For example, when a complex video continues, the coding bit rate generated as a result of actual coding increases, and the error increases in the positive direction, the quantization width is increased. Prevent the error from expanding any further. Conversely, when the actual coding bit rate decreases continuously and the error increases in the negative direction, control is performed so that the quantization width is reduced and the coding bit rate is increased. . At this time, at the same time, the quantization width is determined in consideration of the behavior of the virtual buffer of the decoder so as to satisfy one or both of the predetermined maximum rate and minimum rate.

If the predetermined period in the past is set to a certain length, the quantization width can be considered to be substantially constant locally, and the bit rate can be varied according to the complexity of the image. Thus, a predetermined average bit rate can be satisfied.

In the first encoding, a scene change detected in advance from a specific point of an input video, for example, a start point of each chapter constituting a movie, a difference between frames, or a change in an error value of a motion vector is performed. The generated coded stream is divided at each point or at a specified predetermined periodic point. In other words, encoding is performed so that the GOP up to that point ends in the frame immediately before the input video frame corresponding to the above-described division point, and a new GOP starts from the frame corresponding to the division point. At this time, G to start anew
The OP is a closed GOP that performs encoding without referring to the video signal of the immediately preceding GOP.

The divided encoded stream of variable rate control generated by the first encoding in this manner is stored in a data storage device such as a hard disk device. In addition, encoding parameters such as a generated code amount and a quantization width are similarly stored in a data storage device such as a hard disk device in a form corresponding to the divided encoded stream. Next, the second encoding will be described.

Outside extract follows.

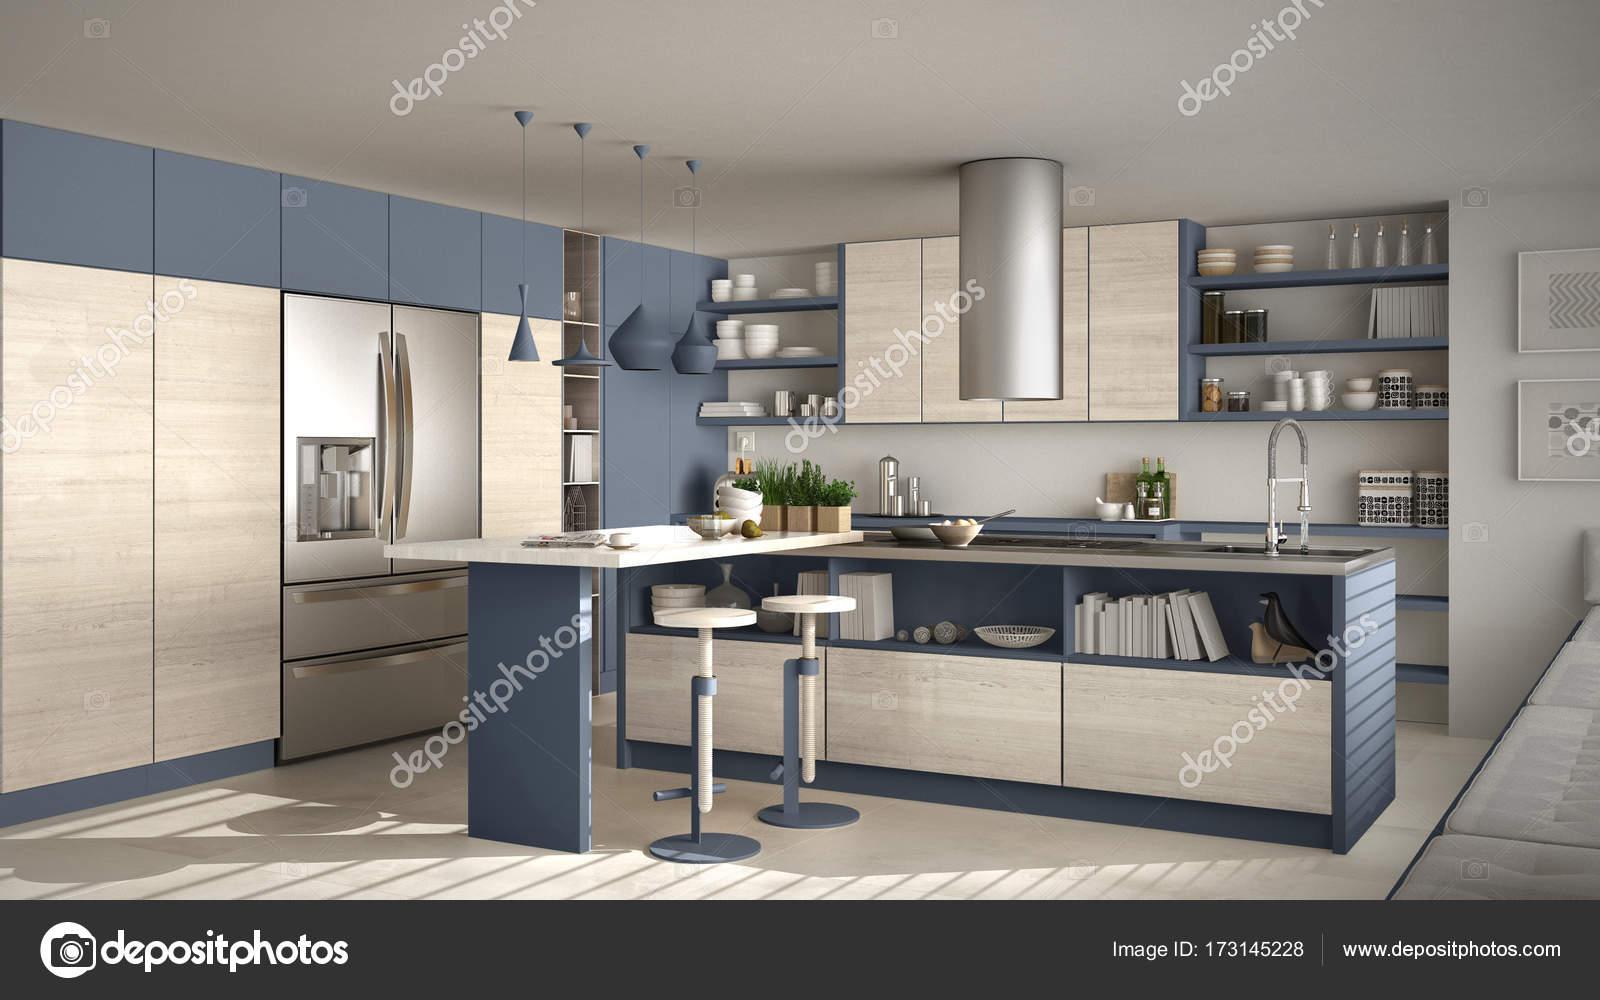 https://st3.depositphotos.com/1152281/17314/i/1600/depositphotos_173145228-stock-photo-modern-wooden-kitchen-with-wooden.jpg

The second encoding is performed on a section where the image quality is not satisfactory in the first encoding, and a new encoded stream is generated again. For other portions, the encoded stream generated in the first encoding can be used as it is.

Next, the editing process of the target encoding condition will be described. The operator designates the section for performing the second encoding from the input means 7 and the quantization width determination circuit 21 in the section.
The amount of correction of the modulation intensity of the quantization step determined by the above can be designated. The modulation intensity correction amount is stored by the correction amount storage circuit 40. Quantization width modulation circuit 4
1 changes the modulation intensity according to the designation.

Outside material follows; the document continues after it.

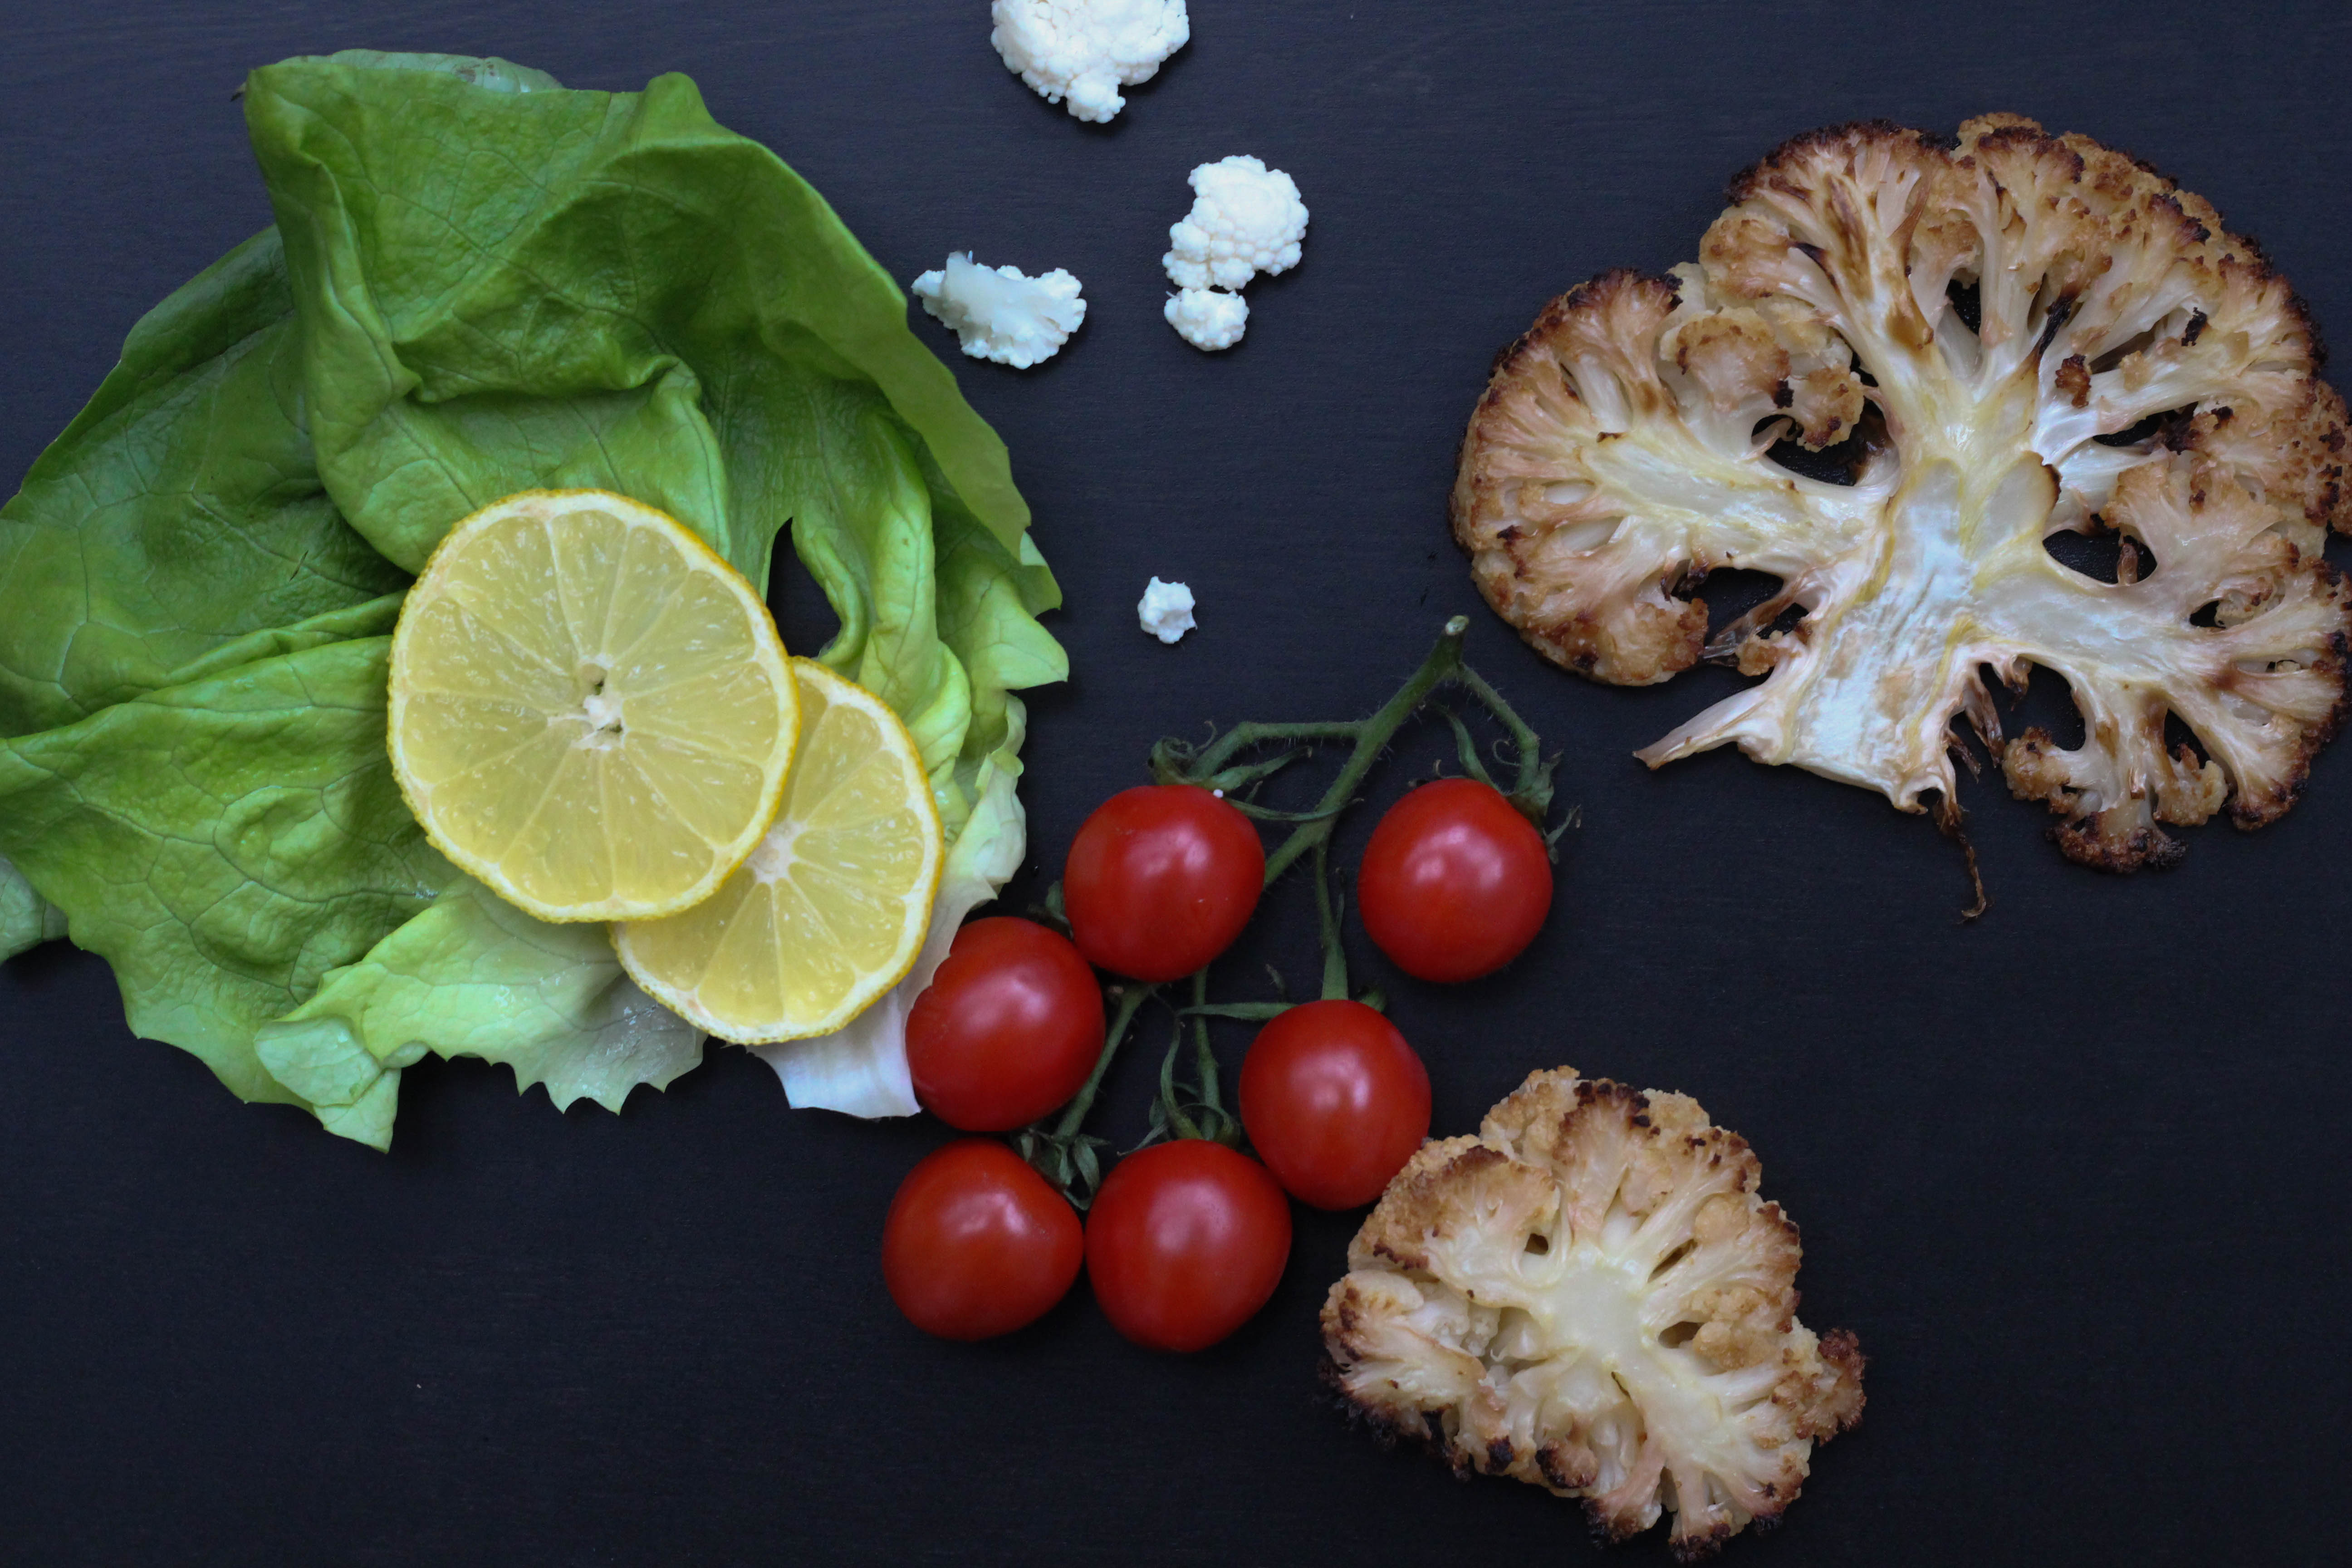 Vegan - Ofen - Blumekohl - Karfiol -Homespa -Plantbased - Healthy

In general, the modulation of the quantization width is performed according to the complexity (activity) of the input image. The activity of the j-th macroblock is normalized by ACT (j) and the activity value of the previous frame, and N_ACT (j) is calculated by AC_j in the previous picture.
Assuming that the average of T (j) is AVG_ACT and the weighting coefficient in modulation is N, it can be obtained by the following equation. N_ACT (j) = (N * ACT (j) + AVG_AC
T) / (ACT (j) + N * AVG_ACT)

By specifying the value of N at this time, the operator can guide the modulation intensity to an optimum value.
AVG_ACT generally averages ACT (j) in the immediately preceding picture. However, if the average of a plurality of previous pictures is averaged by an operator's specification, the AVG_ACT sharply increases. Even if the complexity changes, it works so as to make the modulation degree of the quantization step gentle, and it is possible to suppress a sudden change in the quantization width. As a result,
It is possible to suppress a sudden change in image quality. The operator can specify not only the modulation intensity but also the modulation itself.

As described above, the target encoding / compression condition is edited. The second encoding is performed on the section including the section where the target encoding / compression condition is edited, using the edited target encoding / compression condition.

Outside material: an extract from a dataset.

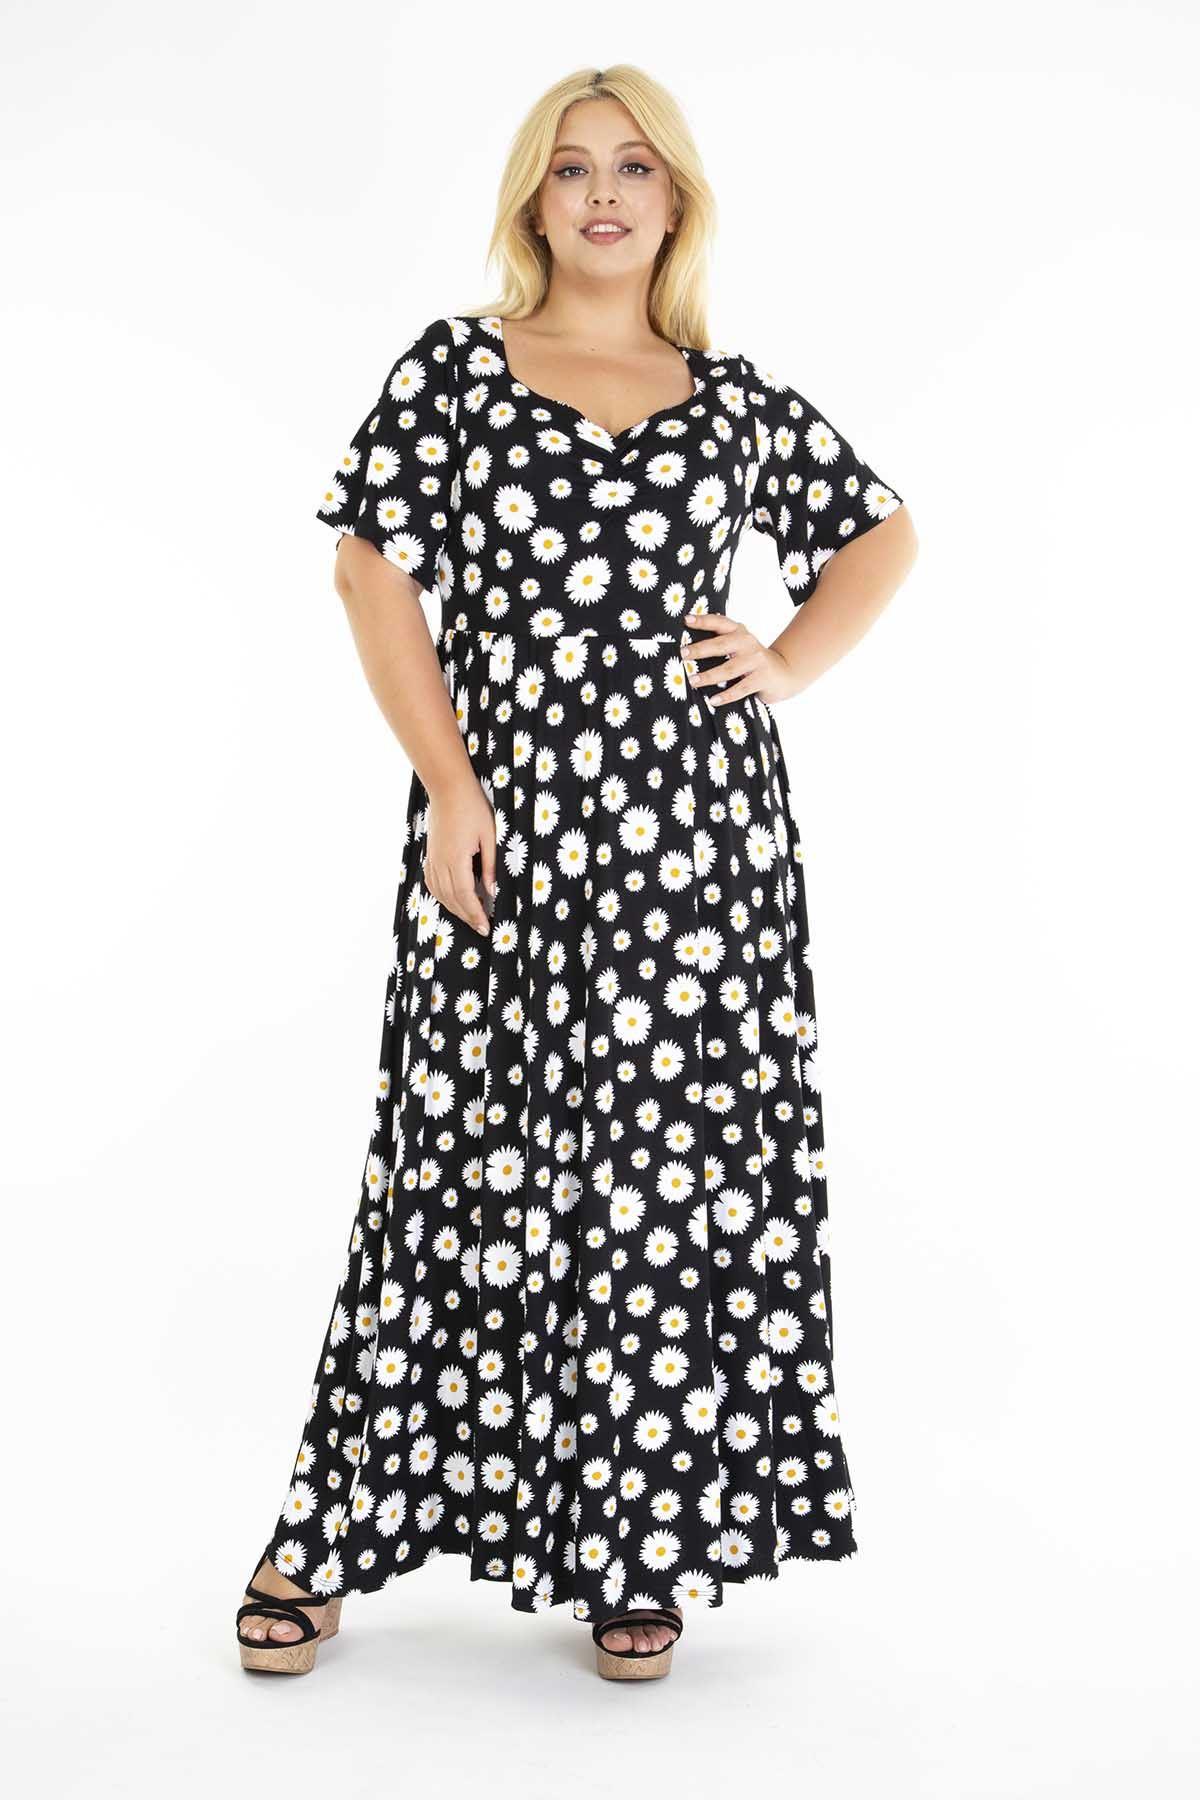 Papatya Desenli Siyah Elbise 31D-1209

As a result, the operator performs the modulation operation of the quantization step in the section where the sufficient image quality cannot be obtained by the automatic assignment, thereby performing the optimum encoding for the human visual characteristic. It becomes possible. Also, by performing the second encoding only on the problematic part, the encoded stream generated by the first encoding can be used as it is for the other parts, and as a total The time required for encoding and compression can be greatly reduced.

(Embodiment 2) FIG. 2 is a block diagram of an encoding and compression apparatus according to Embodiment 2 of the present invention. Compared with FIG. 1, a quantization matrix editing circuit 42 is provided, in which an operator edits a quantization matrix used in the quantization circuit 12a from the input means 7 and edits a quantization width in conjunction with the editing. Are different.

In the second embodiment, as an embodiment,
The first encoding and the second encoding are the same as those of the first embodiment, except for the editing process. Hereinafter, the process of editing the quantization matrix according to the second embodiment will be described.

For example, when the original quantization level is small, and when the quantization step is directly changed, the level greatly changes, and as a result, there is a section where quantization distortion affects human vision. The operator can perform an operation of editing the quantization matrix for the section, reduce the quantization matrix value as a whole, and increase the scale of the quantization step.

Of course, it is also possible to manipulate the quantization matrix value of a particular frequency component. Instead of editing individual quantization matrix values, several quantization matrix value tables are prepared in advance, and the operator selects one of the tables from the input means. This can also be achieved.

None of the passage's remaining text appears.